R&D: Spin–Orbit Torques of In-Plane Magnetized System Modulated by Spin Transport in Ferromagnetic Co Layer

APL Materials has published an article written by Fen Xue, Department of Electrical Engineering, Stanford University, Stanford, California 94305, USA, Shy-Jay Lin, Corporate Research, Taiwan Semiconductor Manufacturing Company, Hsinchu 30078, Taiwan, Peng Li, Department of Electrical and Computer Engineering, Auburn University, Auburn, Alabama 36849, USA, William Hwang, Department of Electrical Engineering, Stanford University, Stanford, California 94305, USA, Yen-Lin Huang, Corporate Research, Taiwan Semiconductor Manufacturing Company, Hsinchu 30078, Taiwan, Wilman Tsai, Department of Materials Science and Engineering, Stanford University, Stanford, California 94305, USA, and Shan X. Wang, Department of Electrical Engineering, Stanford University, Stanford, California 94305, USA and Department of Materials Science and Engineering, Stanford University, Stanford, California 94305, USA.

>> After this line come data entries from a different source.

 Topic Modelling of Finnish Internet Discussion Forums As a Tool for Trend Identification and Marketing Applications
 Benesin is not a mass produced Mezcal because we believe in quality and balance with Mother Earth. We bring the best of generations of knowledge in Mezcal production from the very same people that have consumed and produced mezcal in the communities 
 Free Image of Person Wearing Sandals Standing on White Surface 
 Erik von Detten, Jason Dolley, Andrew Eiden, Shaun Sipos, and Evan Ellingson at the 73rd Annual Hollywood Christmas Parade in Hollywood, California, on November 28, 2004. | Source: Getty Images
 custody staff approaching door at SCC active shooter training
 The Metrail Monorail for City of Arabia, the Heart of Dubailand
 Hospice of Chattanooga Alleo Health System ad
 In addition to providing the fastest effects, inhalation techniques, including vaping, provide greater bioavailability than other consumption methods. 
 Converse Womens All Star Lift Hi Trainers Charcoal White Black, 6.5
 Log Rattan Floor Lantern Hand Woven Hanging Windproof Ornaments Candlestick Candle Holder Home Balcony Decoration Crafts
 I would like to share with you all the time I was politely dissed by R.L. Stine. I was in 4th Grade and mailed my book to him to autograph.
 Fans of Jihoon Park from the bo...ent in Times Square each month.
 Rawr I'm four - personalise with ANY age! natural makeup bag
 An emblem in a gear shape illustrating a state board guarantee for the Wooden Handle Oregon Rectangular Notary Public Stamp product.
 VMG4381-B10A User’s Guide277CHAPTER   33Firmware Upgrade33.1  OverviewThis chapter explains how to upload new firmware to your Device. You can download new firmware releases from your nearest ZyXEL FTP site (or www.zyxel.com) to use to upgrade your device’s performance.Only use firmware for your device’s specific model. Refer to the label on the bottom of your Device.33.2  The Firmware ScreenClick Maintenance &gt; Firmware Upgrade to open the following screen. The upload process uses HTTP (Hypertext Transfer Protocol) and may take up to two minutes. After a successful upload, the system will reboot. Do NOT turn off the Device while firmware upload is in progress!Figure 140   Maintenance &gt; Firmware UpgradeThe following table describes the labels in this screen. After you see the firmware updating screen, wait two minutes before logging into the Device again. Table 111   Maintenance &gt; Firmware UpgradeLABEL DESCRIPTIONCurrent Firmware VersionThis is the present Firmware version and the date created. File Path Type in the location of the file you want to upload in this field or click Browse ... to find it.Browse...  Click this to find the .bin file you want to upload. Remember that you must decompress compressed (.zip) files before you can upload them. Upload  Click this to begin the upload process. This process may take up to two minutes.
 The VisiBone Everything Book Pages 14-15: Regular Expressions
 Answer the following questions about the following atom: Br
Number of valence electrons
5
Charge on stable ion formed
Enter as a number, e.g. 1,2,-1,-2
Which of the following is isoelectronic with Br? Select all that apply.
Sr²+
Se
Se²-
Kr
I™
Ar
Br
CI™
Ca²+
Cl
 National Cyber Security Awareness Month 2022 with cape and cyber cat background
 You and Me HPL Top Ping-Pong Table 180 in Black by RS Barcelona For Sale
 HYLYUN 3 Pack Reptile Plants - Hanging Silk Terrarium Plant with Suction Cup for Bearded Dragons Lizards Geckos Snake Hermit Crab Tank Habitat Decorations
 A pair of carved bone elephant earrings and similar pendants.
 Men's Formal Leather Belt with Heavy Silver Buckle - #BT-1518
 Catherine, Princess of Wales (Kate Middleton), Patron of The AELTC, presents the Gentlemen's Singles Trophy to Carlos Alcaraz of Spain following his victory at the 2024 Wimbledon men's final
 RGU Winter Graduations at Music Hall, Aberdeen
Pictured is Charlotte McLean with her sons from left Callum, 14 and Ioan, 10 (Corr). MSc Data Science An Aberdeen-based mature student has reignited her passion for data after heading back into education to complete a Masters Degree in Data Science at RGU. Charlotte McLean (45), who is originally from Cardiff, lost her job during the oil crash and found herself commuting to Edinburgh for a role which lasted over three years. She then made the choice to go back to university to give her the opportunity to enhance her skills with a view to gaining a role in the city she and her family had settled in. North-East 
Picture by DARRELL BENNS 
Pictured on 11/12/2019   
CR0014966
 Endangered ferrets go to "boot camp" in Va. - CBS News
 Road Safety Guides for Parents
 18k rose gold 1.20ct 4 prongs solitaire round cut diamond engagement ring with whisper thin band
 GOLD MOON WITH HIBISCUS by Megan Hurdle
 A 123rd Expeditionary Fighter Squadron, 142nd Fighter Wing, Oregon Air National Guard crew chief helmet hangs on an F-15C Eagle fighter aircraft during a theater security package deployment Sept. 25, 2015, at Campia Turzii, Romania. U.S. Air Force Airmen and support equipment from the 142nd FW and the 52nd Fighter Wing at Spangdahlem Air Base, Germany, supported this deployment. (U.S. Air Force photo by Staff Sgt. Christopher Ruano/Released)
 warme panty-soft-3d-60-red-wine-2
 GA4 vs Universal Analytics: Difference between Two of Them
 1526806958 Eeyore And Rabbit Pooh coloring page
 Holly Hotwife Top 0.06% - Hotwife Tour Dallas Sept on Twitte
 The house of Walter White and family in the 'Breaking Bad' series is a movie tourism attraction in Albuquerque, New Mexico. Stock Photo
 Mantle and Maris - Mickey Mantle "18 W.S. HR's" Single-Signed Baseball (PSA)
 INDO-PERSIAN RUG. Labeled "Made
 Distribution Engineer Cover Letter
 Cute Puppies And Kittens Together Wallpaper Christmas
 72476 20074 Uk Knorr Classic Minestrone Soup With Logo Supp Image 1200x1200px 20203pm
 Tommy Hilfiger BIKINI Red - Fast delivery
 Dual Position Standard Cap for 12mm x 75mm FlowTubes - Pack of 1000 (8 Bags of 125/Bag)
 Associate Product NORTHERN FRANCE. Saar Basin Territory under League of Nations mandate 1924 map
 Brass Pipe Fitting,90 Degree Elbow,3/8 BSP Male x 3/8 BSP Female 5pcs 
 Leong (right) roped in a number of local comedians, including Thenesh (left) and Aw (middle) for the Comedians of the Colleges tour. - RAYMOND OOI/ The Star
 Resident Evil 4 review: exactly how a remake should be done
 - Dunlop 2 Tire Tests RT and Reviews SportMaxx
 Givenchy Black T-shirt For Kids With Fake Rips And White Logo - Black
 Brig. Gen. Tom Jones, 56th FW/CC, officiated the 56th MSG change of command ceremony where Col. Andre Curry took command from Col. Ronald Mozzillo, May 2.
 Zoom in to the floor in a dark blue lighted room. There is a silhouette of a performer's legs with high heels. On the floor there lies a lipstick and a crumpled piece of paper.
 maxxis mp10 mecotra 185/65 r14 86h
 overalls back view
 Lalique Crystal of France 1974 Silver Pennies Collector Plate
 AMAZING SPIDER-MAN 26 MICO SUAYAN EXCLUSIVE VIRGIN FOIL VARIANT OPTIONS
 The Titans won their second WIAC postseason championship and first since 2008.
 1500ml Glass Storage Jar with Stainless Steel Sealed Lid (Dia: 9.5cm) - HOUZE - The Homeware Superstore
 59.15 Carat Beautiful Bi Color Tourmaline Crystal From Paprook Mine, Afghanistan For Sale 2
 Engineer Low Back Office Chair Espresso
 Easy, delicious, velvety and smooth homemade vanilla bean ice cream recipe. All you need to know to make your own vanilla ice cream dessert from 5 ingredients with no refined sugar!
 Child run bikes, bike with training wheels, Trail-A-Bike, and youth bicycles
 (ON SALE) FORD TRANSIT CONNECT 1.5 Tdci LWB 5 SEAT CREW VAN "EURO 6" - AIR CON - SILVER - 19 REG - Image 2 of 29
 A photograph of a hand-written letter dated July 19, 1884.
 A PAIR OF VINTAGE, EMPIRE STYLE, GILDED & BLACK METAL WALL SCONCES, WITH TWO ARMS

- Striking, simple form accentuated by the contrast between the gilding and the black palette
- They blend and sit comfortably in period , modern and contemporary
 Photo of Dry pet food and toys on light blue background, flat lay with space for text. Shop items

Abstract: “Spin–orbit torque (SOT) magnetoresistive random-access memory (MRAM) devices have been proposed for energy efficient memory and computing applications. New classes of materials such as antiferromagnets, topological insulators, and semimetals can generate spins with unconventional polarization and improve the efficiency of field-free SOT switching. In this work, we report significant changes in SOTs due to a Co thin film inserted in the Pt/Co/Mg/CoFeB heterostructures. Remarkably, the damping-like effective field has been enhanced by 7.4 times after inserting a thin Co layer with weak perpendicular magnetic anisotropy (PMA), while the field-like effective field is reduced to near zero value. Independent characterizations were performed to verify the presence of the changes in SOTs following spin modulation by the Co insertion layer. In addition, we found that the dynamic spin pumping coupling between Pt/Co with weak PMA and the in-plane CoFeB could significantly modulate the effective SOTs in the heterostructure, and this effect is dependent on the thickness of the spacer Mg through long-range spin-wave mediated coupling. Our work has experimentally demonstrated a new avenue to modulate SOTs with physically sputtered metal layers, and this finding is promising to enable flexible and efficient spin polarizations for MRAM devices.“